Side note: Benchmarking stuff might be a good candidate for a separate project in the solution, along the lines of the other discussion we were having about the unit tests. They're unit test projects, and the tests themselves aren't concerned with accuracy, since the main UnitTests project is responsible for that. They just time things, and you can do stuff like put limits for expected execution times, for the result of the test (NUnit has good ones for this, but there are also specific benchmark libraries out there too), so that, if a change results in something blowing up and taking a lot longer than expected, it'll be flagged as a failure or warning or however desired, so we have early warning of problematic changes.

dodexahedron commented 8 months ago

(Just keeping these thoughts separate in multiple comments)

ReSharper itself can also point out a wide range of likely sub-optimal code, too.

Yes, it's always running various analyzers for you in real-time, but there's also the "Find Code Issues" tool, which you can use on a solution, project, folder, namespace, code file, individual type, or even specific type member.

It runs ALL of the analyzers that aren't disabled and reports them to you in a tree in a tool pane, which you can then use to navigate directly to the lines in question and either let it do its suggested refactoring (which is what ends up being the majority of the time) or manually fix or otherwise refactor the code.

It'll point out performance issues, code quality issues, language feature usage opportunities, and a ton of other stuff. And, any ReSharper plugins you have installed that have inspections are included in the tree, as well. So things like the Heap Allocations plugin I have are great because they'll show you in that nice tree where there is a heap allocation that you can then act on (or not), as appropriate.

dodexahedron commented 8 months ago

As for things like what I opened this specific issue for, this is a relatively human-friendly problem to see, recognize, and fix. For example, any time you see two strings being added together, fix it. It should never happen, because there is always a better way (in terms of performance). How you address it is like 3 parts knowing the best option for that situation and 1 part choosing the option that you are most comfortable with or that results in nice code, so long as it's better than what it was before. If you know how to wield Spans, great. If not, no big deal. StringBuilder is still a viable option and better than string concatenation in a percentage of cases nearly indistinguishable from 100%. I found a bunch of string concatenation and a bunch of unnecessary ToString calls in various types that are super low-hanging fruit, just while working on Color, as I went to usages of the Color type.

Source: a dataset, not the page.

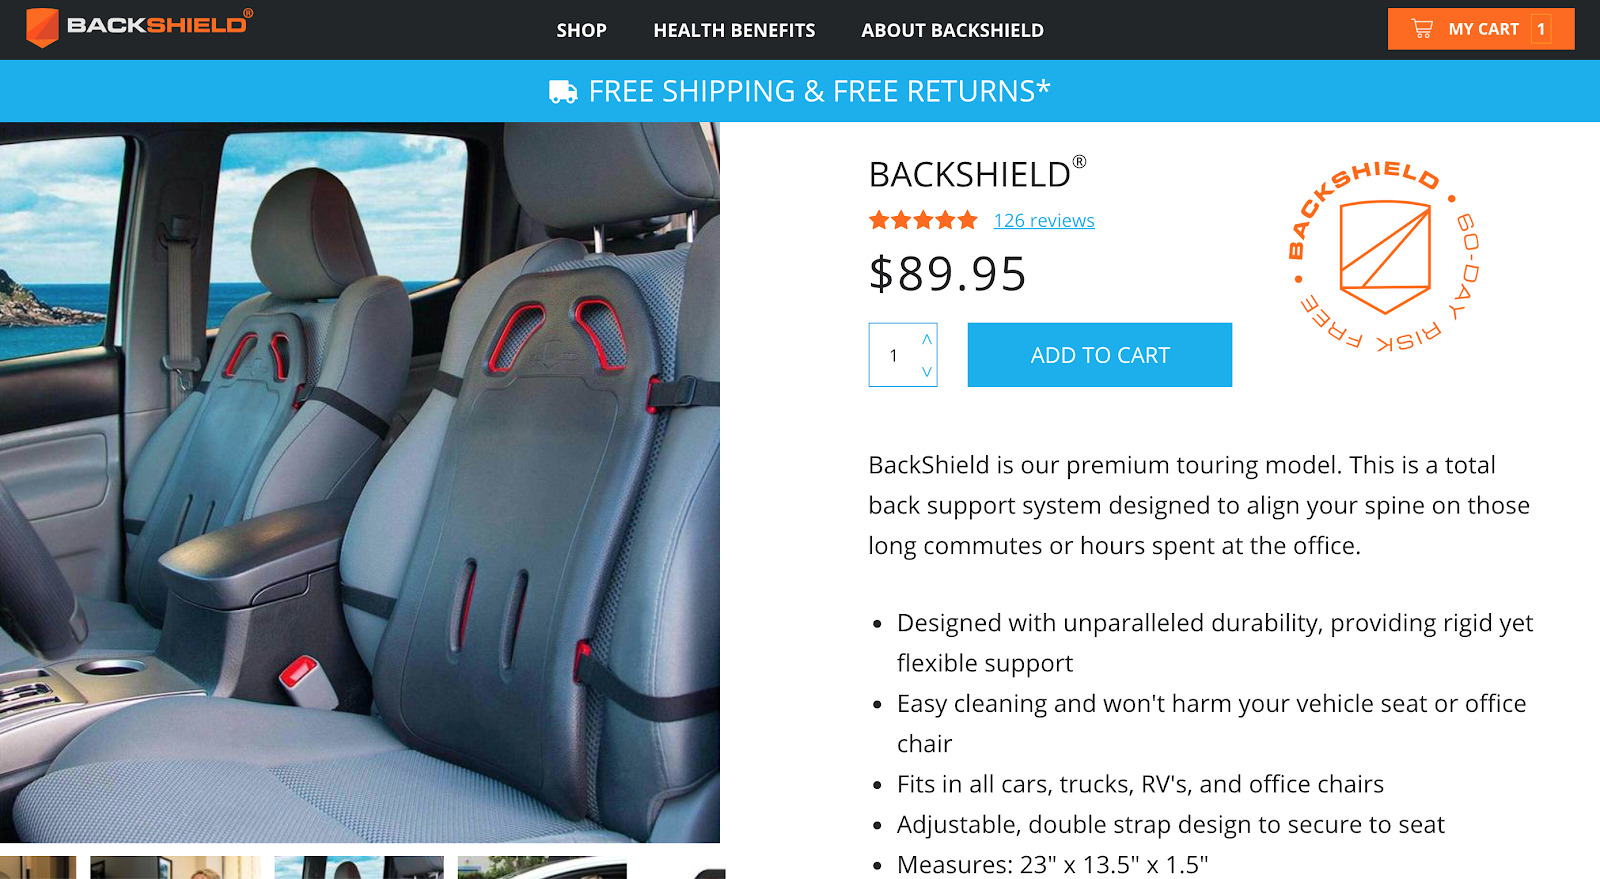 Best Lumbar Support For Car? An Uber Driver Reviews The BackShield
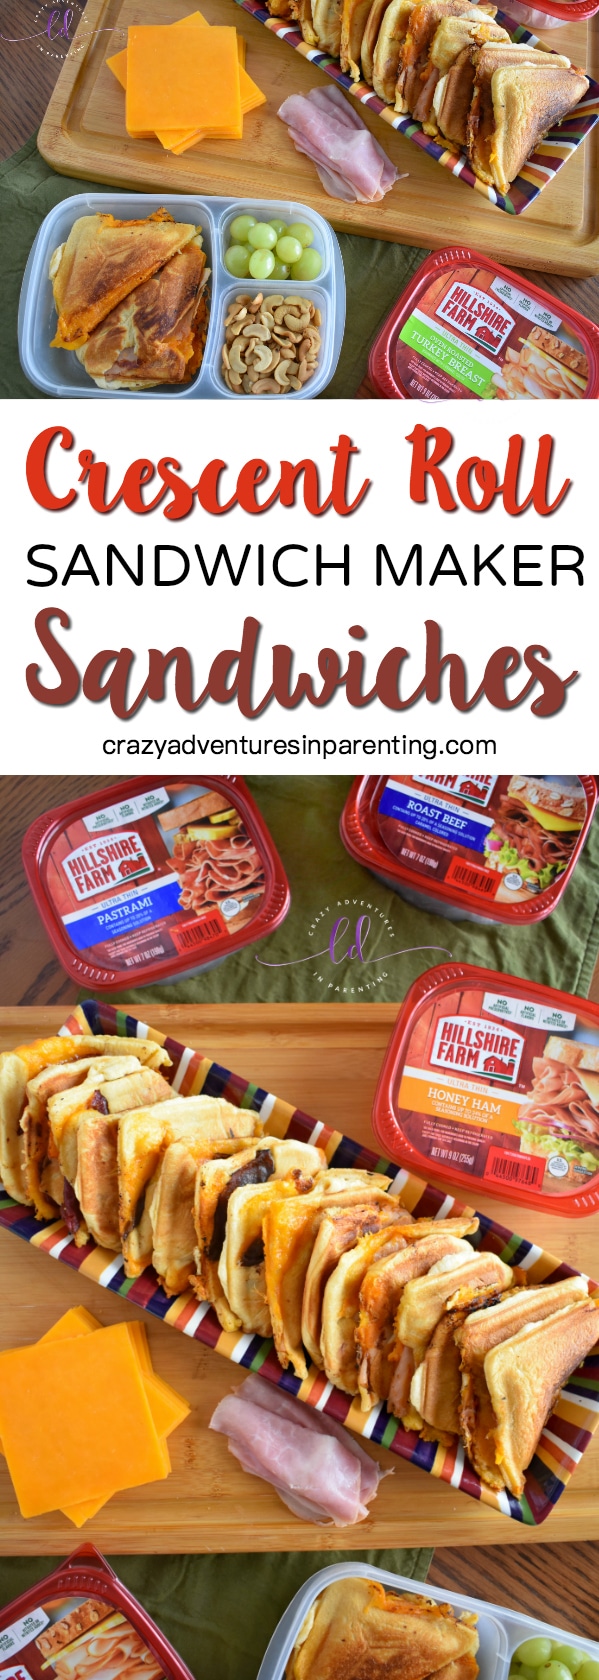 How to Make Crescent Roll Sandwich Maker Sandwiches

However, ReSharper and VS both have analyzers that will point these out, too. Most often, the current version will suggest using string interpolation, which is also quite often a good choice. Just pay attention to boxing of value types, in certain cases, which can undo half your gains.

The Find Code Issues thing in my previous comment, by the way, also includes Visual Studio inspections. ReSharper, in general, tries to augment VS, in most of its functionality, rather than outright replacing it, so you get the best of both worlds in the majority of situations.

dodexahedron commented 8 months ago

That's all the commentary I had to add right this moment.

Now to go write a wall of text elsewhere! 😅

dodexahedron commented 8 months ago

Oops. I lied. One more just occurred to me.

This issue would be a great candidate for a "Performance" project, which would also include other similar issues that are aimed at other specific performance points.

The Color one is another example, along with like half the issues or comments on other issues I've barfed up here. 😆

OK, NOW I'm pretty sure I'm done on this topic for now.